Part 8: Fashion MNIST Classification¶
Now let’s apply our knowledge to a new image dataset: Fashion MNIST
What is Fashion MNIST?
A dataset of 70,000 grayscale images (28×28 pixels)
10 classes of clothing items instead of digits
Same format as MNIST, but more challenging
Classes: 0. T-shirt/top
Trouser
Pullover
Dress
Coat
Sandal
Shirt
Sneaker
Bag
Ankle boot
Part 9: Loading Fashion MNIST¶
from torchvision import datasets, transforms
# Define transformations
transform = transforms.Compose([
transforms.ToTensor(),
transforms.Normalize((0.5,), (0.5,))
])
# Load Fashion MNIST
fashion_train = datasets.FashionMNIST(
root='./data',
train=True,
download=True,
transform=transform
)
fashion_test = datasets.FashionMNIST(
root='./data',
train=False,
download=True,
transform=transform
)
# Create data loaders
fashion_train_loader = DataLoader(fashion_train, batch_size=256, shuffle=True, num_workers=4, persistent_workers=True)
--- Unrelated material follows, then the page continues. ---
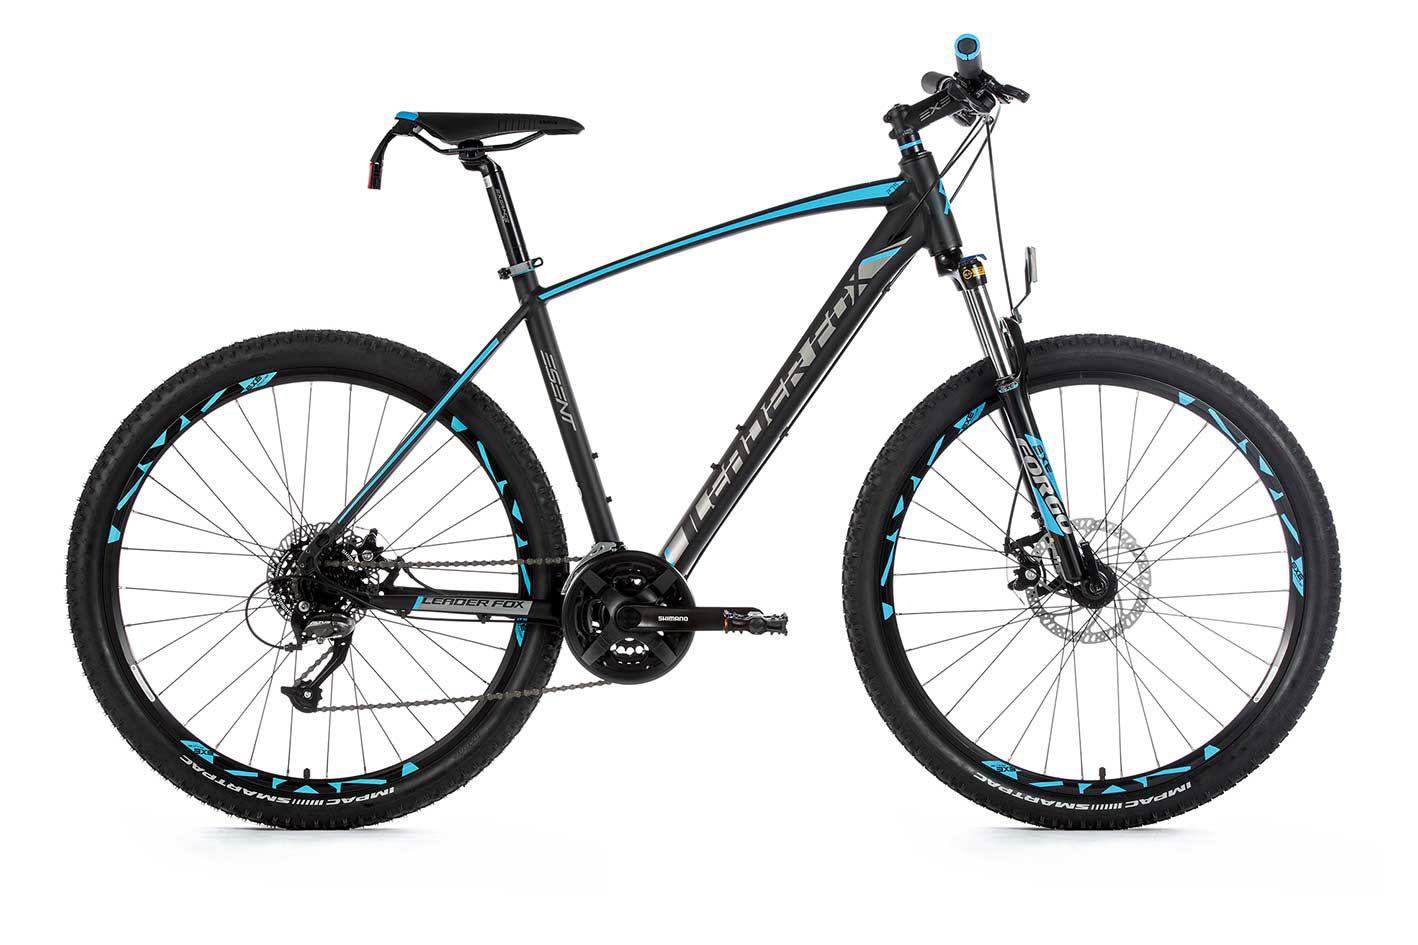 Bicicleta MTB 27.5 inch Leader Fox Esent

fashion_test_loader = DataLoader(fashion_test, batch_size=256, shuffle=False, num_workers=4, persistent_workers=True)
print(f"Training samples: {len(fashion_train)}")
print(f"Test samples: {len(fashion_test)}")
# Class names
class_names = ['T-shirt/top', 'Trouser', 'Pullover', 'Dress', 'Coat',
'Sandal', 'Shirt', 'Sneaker', 'Bag', 'Ankle boot']Training samples: 60000
Test samples: 10000
# Visualize some samples
fig, axes = plt.subplots(2, 5, figsize=(12, 5))
axes = axes.ravel()
for i in range(10):
img, label = fashion_train[i]
axes[i].imshow(img.squeeze(), cmap='gray')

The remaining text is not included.